This section applies only to data types that use keys; see 2.4 DDS Samples, Instances, and Keys. Using the following operations for non-keyed types has no effect. This section describes how instances work on DataWriters. See also 6. Working with Instances.

Topics come in two flavors: those whose associated data type has specified some fields as defining the ‘key,’ and those whose associated data type has not. An example of a data-type that specifies key fields is shown in Figure 7.14: Data Type with a Key.

Figure 7.14: Data Type with a Key

typedef struct Flight {
    @key long   flightId;
    string departureAirport;
    string arrivalAirport;
    Time_t departureTime;
    Time_t estimatedArrivalTime;
    Location_t currentPosition;
};

7.3.14.1 Writing Instances

If the data type has some fields that act as a ‘key,’ the Topic contains one or more instances whose values can be independently maintained. In Figure 7.14: Data Type with a Key, the flightId is the ‘key’. Different flights will have different values for the key. Each flight is an instance of the Topic. Each write() (or write() variation such as write_w_timestamp()) will update the information about a single flight—meaning that when a DataWriter calls write(), the DataWriter is updating the instance represented by the flightId.

When a DataWriter updates an instance by calling write(), a sample of that instance is sent to matching DataReaders, and the DataReaders consider the instance to be ALIVE.

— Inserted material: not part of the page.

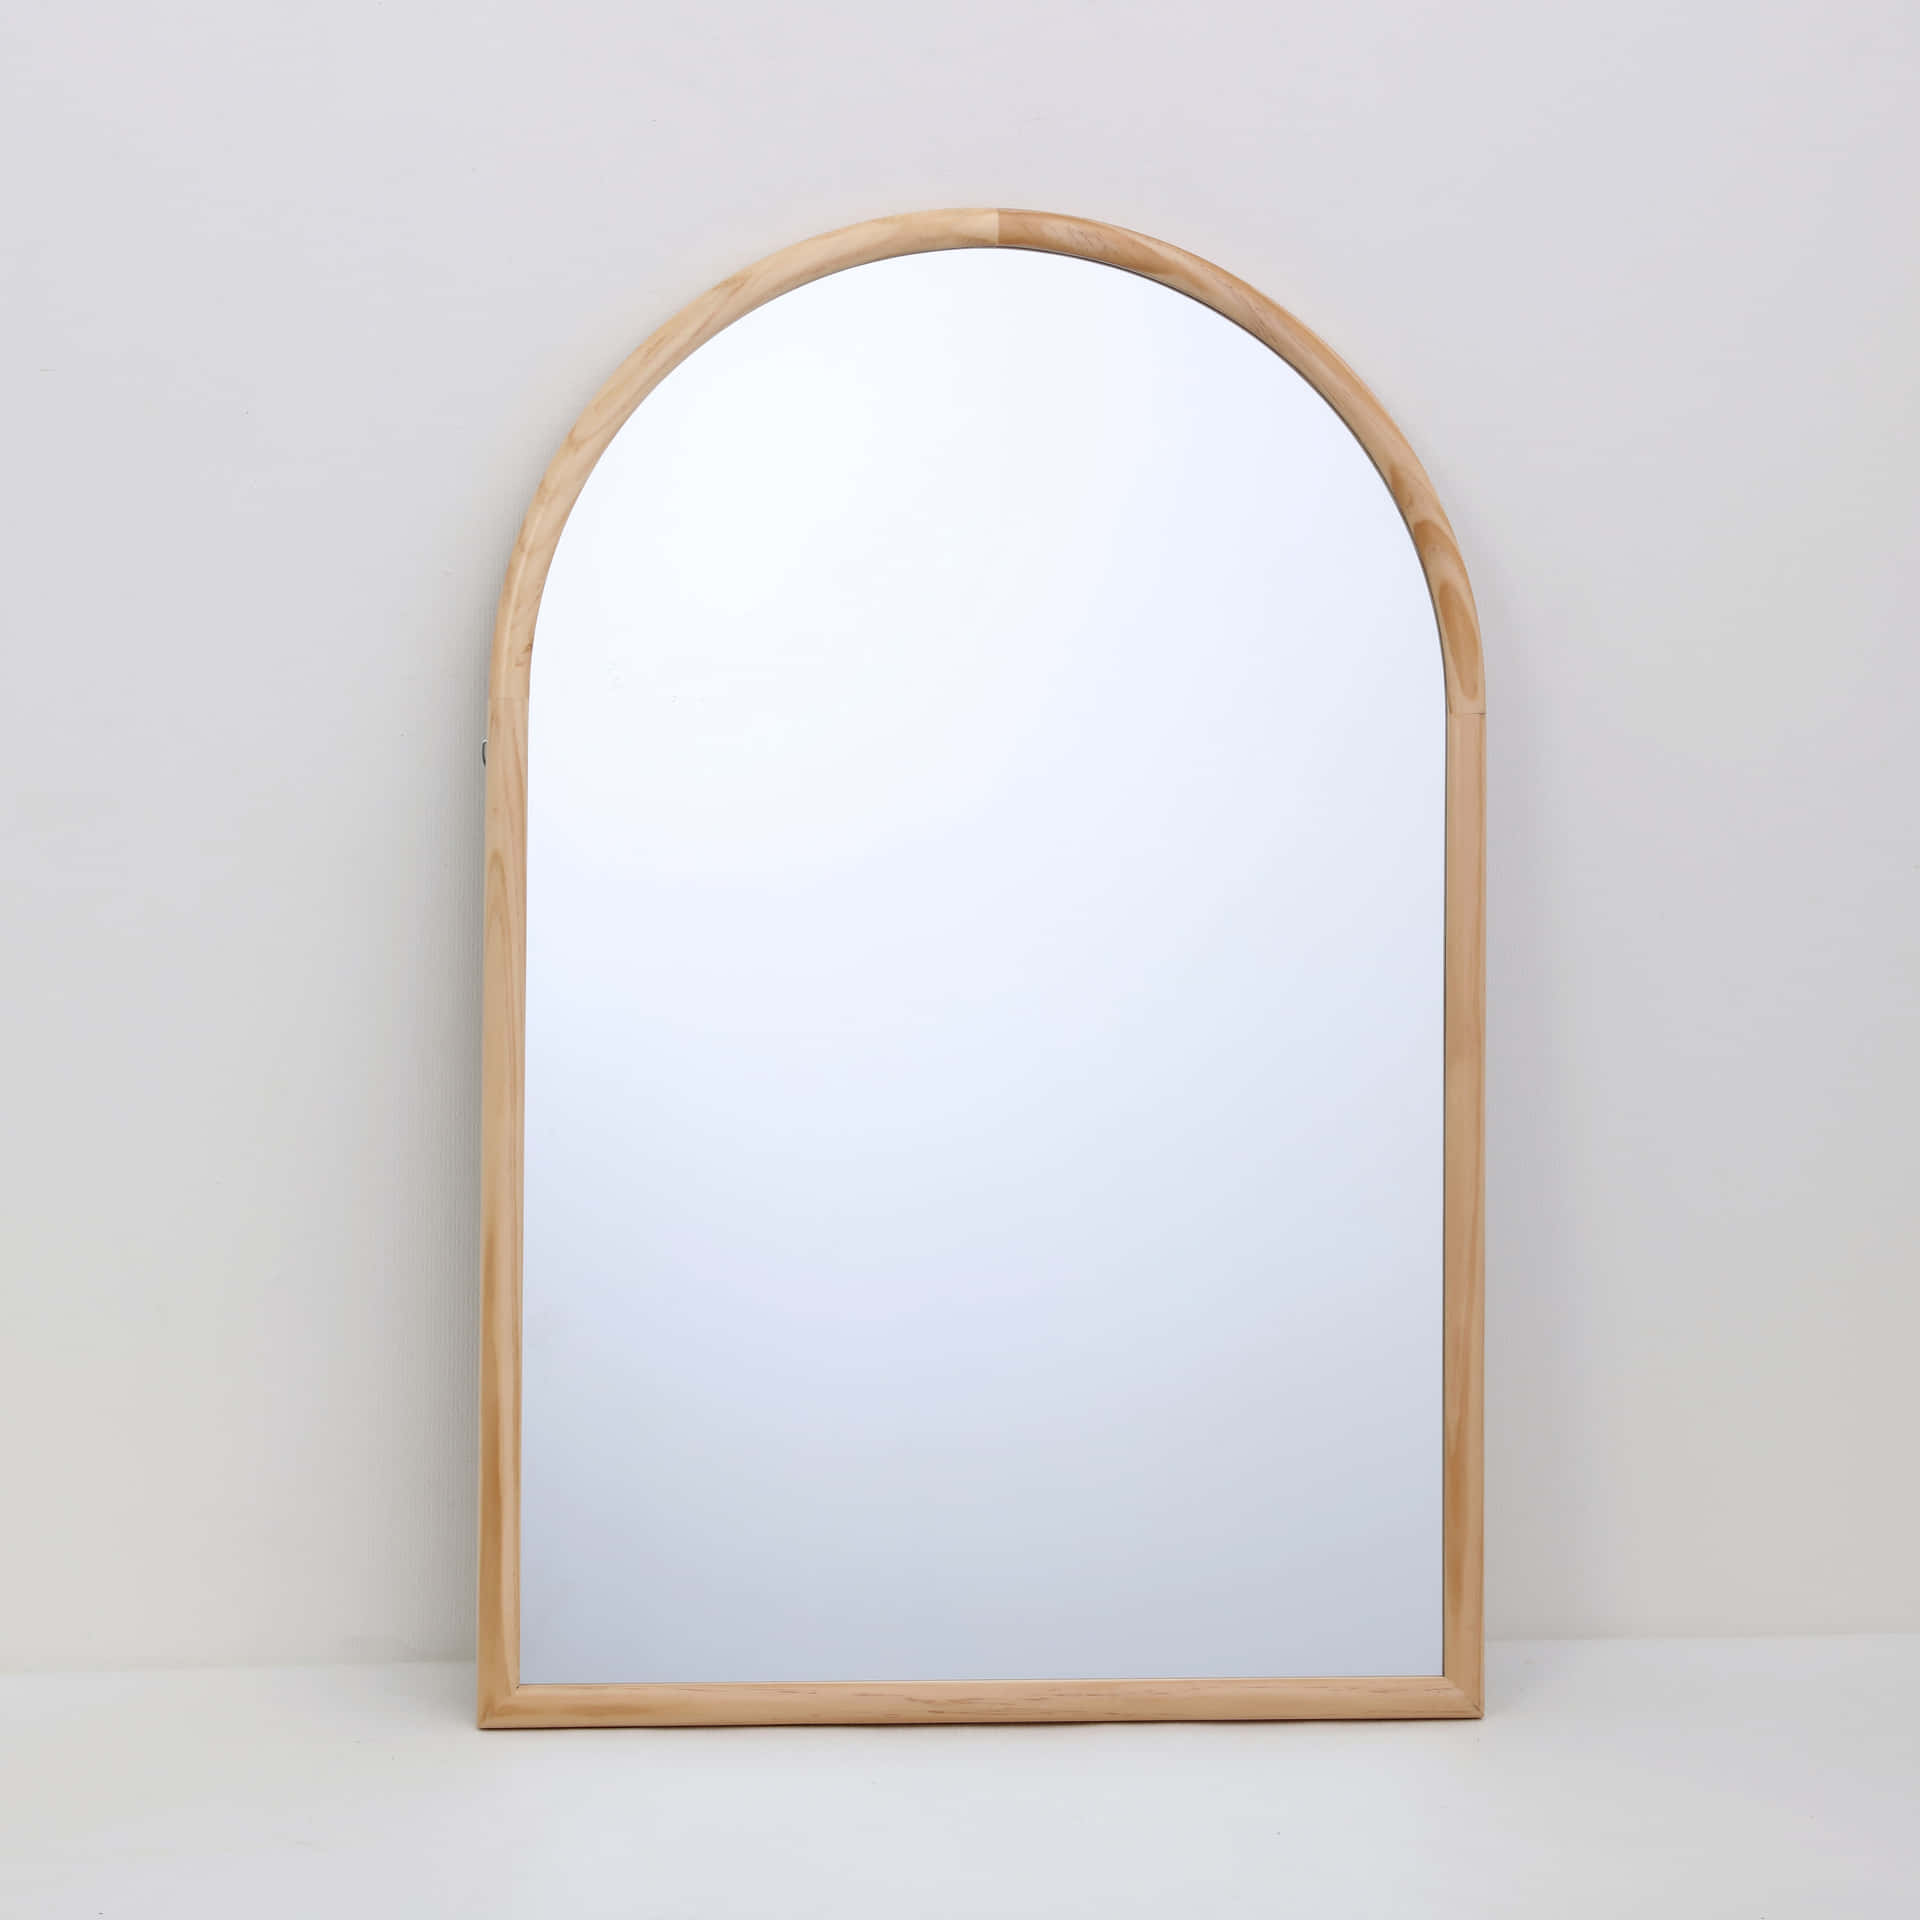 A Wooden Mirror With A Wooden Frame

If the DataWriter’s 7.5.22 RESOURCE_LIMITS QosPolicy specifies a max_instances limit that is not infinite, the limit will apply when writing. If a DataWriter writes an instance that it has not written before, and it has already reached the max_instances limit, it may try to reclaim the memory used by an existing instance. The rules for which instances it can replace are described in 7.3.14.7 Instance Memory Management.

If the DataWriter cannot reclaim the memory used by an existing instance, the write() call will fail. For more information on the behavior of the write() call when the max_instances limit is hit, see 7.3.8.2 write() behavior with KEEP_LAST and KEEP_ALL.

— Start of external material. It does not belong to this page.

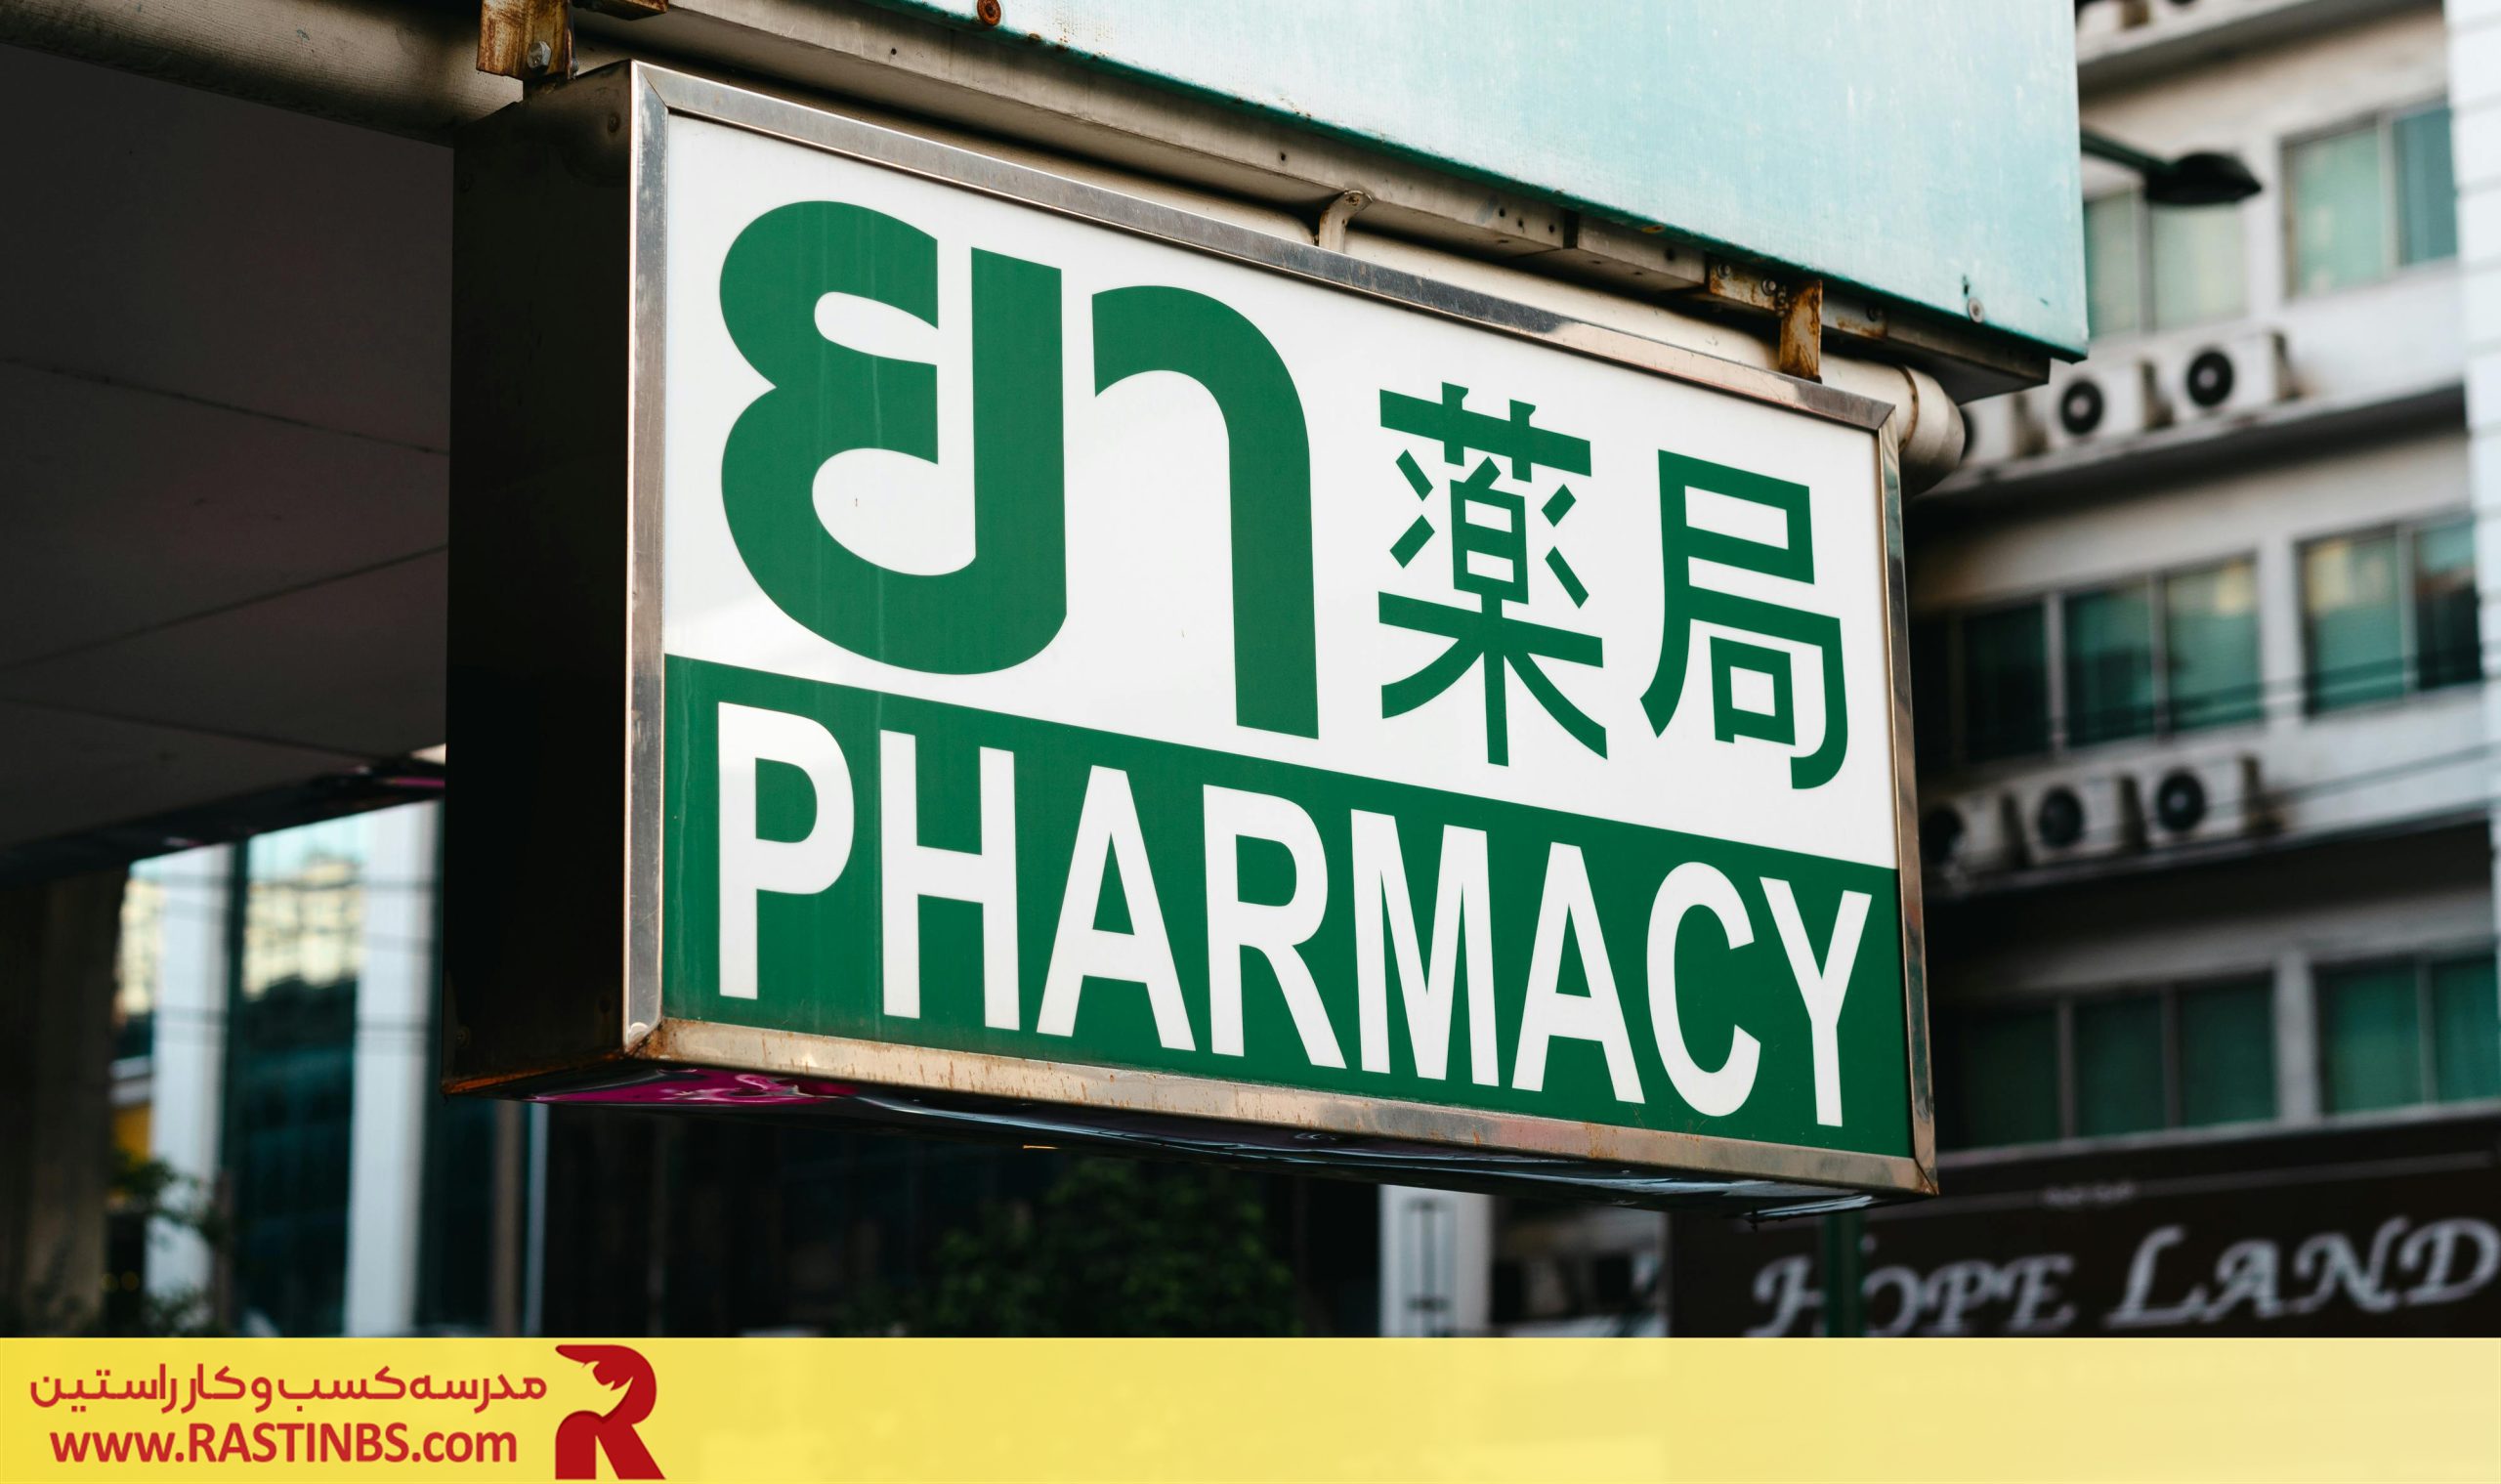 Legal and regulatory developments in the pharmacy industry

7.3.14.2 Registering Instances

If your data type has a key, you may improve performance of any operation that modifies the instance, such as any variation of write() or dispose(), by providing a non-NIL instance handle. An instance handle contains the pre-calculated instance keyhash so that it does not need to be calculated again. The instance handle for an instance can be retrieved once the instance is registered.

A DataWriter can register and retrieve an instance handle for an instance in two ways:

Once you have an instance handle, you can use it while writing to avoid calculating the instance keyhash in every write call. This performance improvement may be significant if your data is relatively small or your key fields are relatively complex. (If your data itself is large or complex, the time to calculate the keyhash may be insignificant relative to the time to serialize your data.)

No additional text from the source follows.